[RECORDS FOR PROCESSING Boundary: Start]

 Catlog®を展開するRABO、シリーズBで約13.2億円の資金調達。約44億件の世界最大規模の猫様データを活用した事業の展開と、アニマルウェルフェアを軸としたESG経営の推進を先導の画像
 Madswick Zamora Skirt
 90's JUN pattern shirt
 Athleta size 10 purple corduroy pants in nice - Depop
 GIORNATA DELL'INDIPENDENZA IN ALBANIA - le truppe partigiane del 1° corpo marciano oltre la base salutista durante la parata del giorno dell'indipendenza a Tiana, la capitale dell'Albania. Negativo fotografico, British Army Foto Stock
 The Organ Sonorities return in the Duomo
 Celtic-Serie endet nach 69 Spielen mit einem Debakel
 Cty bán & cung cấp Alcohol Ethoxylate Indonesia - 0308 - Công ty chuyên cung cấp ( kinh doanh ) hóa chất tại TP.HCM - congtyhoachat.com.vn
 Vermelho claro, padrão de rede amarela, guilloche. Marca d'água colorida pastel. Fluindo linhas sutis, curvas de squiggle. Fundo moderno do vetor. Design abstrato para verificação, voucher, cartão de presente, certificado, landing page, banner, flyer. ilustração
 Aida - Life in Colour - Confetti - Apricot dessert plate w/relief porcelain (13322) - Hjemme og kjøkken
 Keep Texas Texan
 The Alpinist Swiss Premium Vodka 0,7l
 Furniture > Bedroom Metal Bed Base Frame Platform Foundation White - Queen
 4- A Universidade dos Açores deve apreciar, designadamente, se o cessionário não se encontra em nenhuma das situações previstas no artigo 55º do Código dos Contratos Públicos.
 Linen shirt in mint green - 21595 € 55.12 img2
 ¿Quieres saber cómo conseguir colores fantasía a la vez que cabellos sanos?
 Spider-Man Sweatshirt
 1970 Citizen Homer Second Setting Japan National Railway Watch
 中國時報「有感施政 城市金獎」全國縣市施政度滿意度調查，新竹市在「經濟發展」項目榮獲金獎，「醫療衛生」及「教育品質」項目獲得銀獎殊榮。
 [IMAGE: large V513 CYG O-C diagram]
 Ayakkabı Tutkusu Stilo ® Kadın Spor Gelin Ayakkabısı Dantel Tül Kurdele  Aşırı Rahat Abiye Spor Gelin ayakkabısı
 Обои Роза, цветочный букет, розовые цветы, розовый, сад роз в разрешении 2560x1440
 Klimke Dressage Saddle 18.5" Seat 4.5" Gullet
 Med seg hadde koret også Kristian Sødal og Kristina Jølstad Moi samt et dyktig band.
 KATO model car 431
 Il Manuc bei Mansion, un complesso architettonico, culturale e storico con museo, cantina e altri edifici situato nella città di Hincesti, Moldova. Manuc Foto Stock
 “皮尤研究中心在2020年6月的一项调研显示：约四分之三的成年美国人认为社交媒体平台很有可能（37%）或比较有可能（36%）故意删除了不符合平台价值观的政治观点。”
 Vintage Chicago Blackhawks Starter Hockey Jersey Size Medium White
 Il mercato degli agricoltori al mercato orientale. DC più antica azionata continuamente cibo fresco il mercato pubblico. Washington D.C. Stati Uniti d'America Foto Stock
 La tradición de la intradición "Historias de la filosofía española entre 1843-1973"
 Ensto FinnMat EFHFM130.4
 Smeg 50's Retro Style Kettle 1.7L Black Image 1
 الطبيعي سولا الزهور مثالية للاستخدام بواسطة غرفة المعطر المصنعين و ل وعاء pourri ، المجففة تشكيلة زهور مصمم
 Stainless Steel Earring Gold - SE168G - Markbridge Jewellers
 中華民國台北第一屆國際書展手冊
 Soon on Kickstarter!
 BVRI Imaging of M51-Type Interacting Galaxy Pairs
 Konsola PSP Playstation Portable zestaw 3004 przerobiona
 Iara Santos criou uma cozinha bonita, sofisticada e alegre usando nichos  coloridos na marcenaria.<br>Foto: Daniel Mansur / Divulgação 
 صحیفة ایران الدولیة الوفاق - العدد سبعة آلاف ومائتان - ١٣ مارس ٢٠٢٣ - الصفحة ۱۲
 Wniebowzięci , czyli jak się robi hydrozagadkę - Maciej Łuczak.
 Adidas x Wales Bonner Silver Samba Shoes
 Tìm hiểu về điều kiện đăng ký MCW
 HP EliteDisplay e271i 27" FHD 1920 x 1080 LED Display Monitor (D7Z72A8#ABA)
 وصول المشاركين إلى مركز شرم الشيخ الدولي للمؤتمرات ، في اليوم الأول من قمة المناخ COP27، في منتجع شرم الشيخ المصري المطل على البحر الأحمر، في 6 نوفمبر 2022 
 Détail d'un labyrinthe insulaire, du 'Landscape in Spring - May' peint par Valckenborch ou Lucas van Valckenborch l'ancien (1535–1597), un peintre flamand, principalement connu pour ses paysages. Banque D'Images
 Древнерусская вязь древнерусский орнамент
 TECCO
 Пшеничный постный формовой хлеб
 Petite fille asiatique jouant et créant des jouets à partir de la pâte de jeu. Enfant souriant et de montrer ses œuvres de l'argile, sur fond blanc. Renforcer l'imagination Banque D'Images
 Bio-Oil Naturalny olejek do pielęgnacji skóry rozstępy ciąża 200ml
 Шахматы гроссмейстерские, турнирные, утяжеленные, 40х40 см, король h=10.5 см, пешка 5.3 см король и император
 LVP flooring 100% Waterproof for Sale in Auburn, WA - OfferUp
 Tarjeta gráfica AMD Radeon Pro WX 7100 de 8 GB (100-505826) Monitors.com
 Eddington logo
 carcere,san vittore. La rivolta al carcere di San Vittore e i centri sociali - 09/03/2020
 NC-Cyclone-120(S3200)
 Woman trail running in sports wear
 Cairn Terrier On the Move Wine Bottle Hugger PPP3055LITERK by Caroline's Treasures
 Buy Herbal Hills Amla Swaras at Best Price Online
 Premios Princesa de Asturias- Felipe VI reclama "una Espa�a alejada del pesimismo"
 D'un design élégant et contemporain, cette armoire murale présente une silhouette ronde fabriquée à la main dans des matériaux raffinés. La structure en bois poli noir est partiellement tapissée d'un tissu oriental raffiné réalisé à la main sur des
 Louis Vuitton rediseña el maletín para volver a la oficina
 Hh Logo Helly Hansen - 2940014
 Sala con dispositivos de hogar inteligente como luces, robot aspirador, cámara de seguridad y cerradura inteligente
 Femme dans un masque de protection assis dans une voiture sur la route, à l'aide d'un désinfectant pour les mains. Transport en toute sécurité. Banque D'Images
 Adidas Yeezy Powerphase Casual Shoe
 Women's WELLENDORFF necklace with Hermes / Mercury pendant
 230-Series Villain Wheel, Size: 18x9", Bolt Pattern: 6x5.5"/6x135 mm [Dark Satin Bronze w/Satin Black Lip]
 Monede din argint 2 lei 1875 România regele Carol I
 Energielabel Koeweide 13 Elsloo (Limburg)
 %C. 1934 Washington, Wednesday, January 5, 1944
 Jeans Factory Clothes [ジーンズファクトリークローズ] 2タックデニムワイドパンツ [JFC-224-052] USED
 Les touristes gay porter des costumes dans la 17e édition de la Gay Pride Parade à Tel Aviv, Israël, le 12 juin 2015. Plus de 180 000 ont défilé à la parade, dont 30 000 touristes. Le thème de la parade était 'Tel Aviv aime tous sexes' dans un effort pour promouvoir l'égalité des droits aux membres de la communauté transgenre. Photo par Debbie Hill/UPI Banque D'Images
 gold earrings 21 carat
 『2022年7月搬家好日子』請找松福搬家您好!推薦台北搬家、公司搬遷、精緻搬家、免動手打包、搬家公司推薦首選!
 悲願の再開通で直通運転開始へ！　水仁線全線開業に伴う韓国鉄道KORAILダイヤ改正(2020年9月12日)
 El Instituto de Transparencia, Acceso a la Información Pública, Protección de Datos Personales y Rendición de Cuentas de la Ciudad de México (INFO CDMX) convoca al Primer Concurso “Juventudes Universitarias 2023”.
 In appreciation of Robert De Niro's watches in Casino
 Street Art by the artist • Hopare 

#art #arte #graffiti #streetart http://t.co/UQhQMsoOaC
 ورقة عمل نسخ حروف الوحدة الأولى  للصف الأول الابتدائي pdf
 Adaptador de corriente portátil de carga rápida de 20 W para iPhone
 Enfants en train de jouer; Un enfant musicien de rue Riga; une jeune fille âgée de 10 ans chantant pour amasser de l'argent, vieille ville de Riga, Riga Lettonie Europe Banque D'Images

[RECORDS FOR PROCESSING Boundary: End]

• WORK TASK:
Copy exactly the opening line of the material, the line bearing "Обои Роза, цветочный", and every line between them. Include nothing else.

• TASK RESULT:
 Catlog®を展開するRABO、シリーズBで約13.2億円の資金調達。約44億件の世界最大規模の猫様データを活用した事業の展開と、アニマルウェルフェアを軸としたESG経営の推進を先導の画像
 Madswick Zamora Skirt
 90's JUN pattern shirt
 Athleta size 10 purple corduroy pants in nice - Depop
 GIORNATA DELL'INDIPENDENZA IN ALBANIA - le truppe partigiane del 1° corpo marciano oltre la base salutista durante la parata del giorno dell'indipendenza a Tiana, la capitale dell'Albania. Negativo fotografico, British Army Foto Stock
 The Organ Sonorities return in the Duomo
 Celtic-Serie endet nach 69 Spielen mit einem Debakel
 Cty bán & cung cấp Alcohol Ethoxylate Indonesia - 0308 - Công ty chuyên cung cấp ( kinh doanh ) hóa chất tại TP.HCM - congtyhoachat.com.vn
 Vermelho claro, padrão de rede amarela, guilloche. Marca d'água colorida pastel. Fluindo linhas sutis, curvas de squiggle. Fundo moderno do vetor. Design abstrato para verificação, voucher, cartão de presente, certificado, landing page, banner, flyer. ilustração
 Aida - Life in Colour - Confetti - Apricot dessert plate w/relief porcelain (13322) - Hjemme og kjøkken
 Keep Texas Texan
 The Alpinist Swiss Premium Vodka 0,7l
 Furniture > Bedroom Metal Bed Base Frame Platform Foundation White - Queen
 4- A Universidade dos Açores deve apreciar, designadamente, se o cessionário não se encontra em nenhuma das situações previstas no artigo 55º do Código dos Contratos Públicos.
 Linen shirt in mint green - 21595 € 55.12 img2
 ¿Quieres saber cómo conseguir colores fantasía a la vez que cabellos sanos?
 Spider-Man Sweatshirt
 1970 Citizen Homer Second Setting Japan National Railway Watch
 中國時報「有感施政 城市金獎」全國縣市施政度滿意度調查，新竹市在「經濟發展」項目榮獲金獎，「醫療衛生」及「教育品質」項目獲得銀獎殊榮。
 [IMAGE: large V513 CYG O-C diagram]
 Ayakkabı Tutkusu Stilo ® Kadın Spor Gelin Ayakkabısı Dantel Tül Kurdele  Aşırı Rahat Abiye Spor Gelin ayakkabısı
 Обои Роза, цветочный букет, розовые цветы, розовый, сад роз в разрешении 2560x1440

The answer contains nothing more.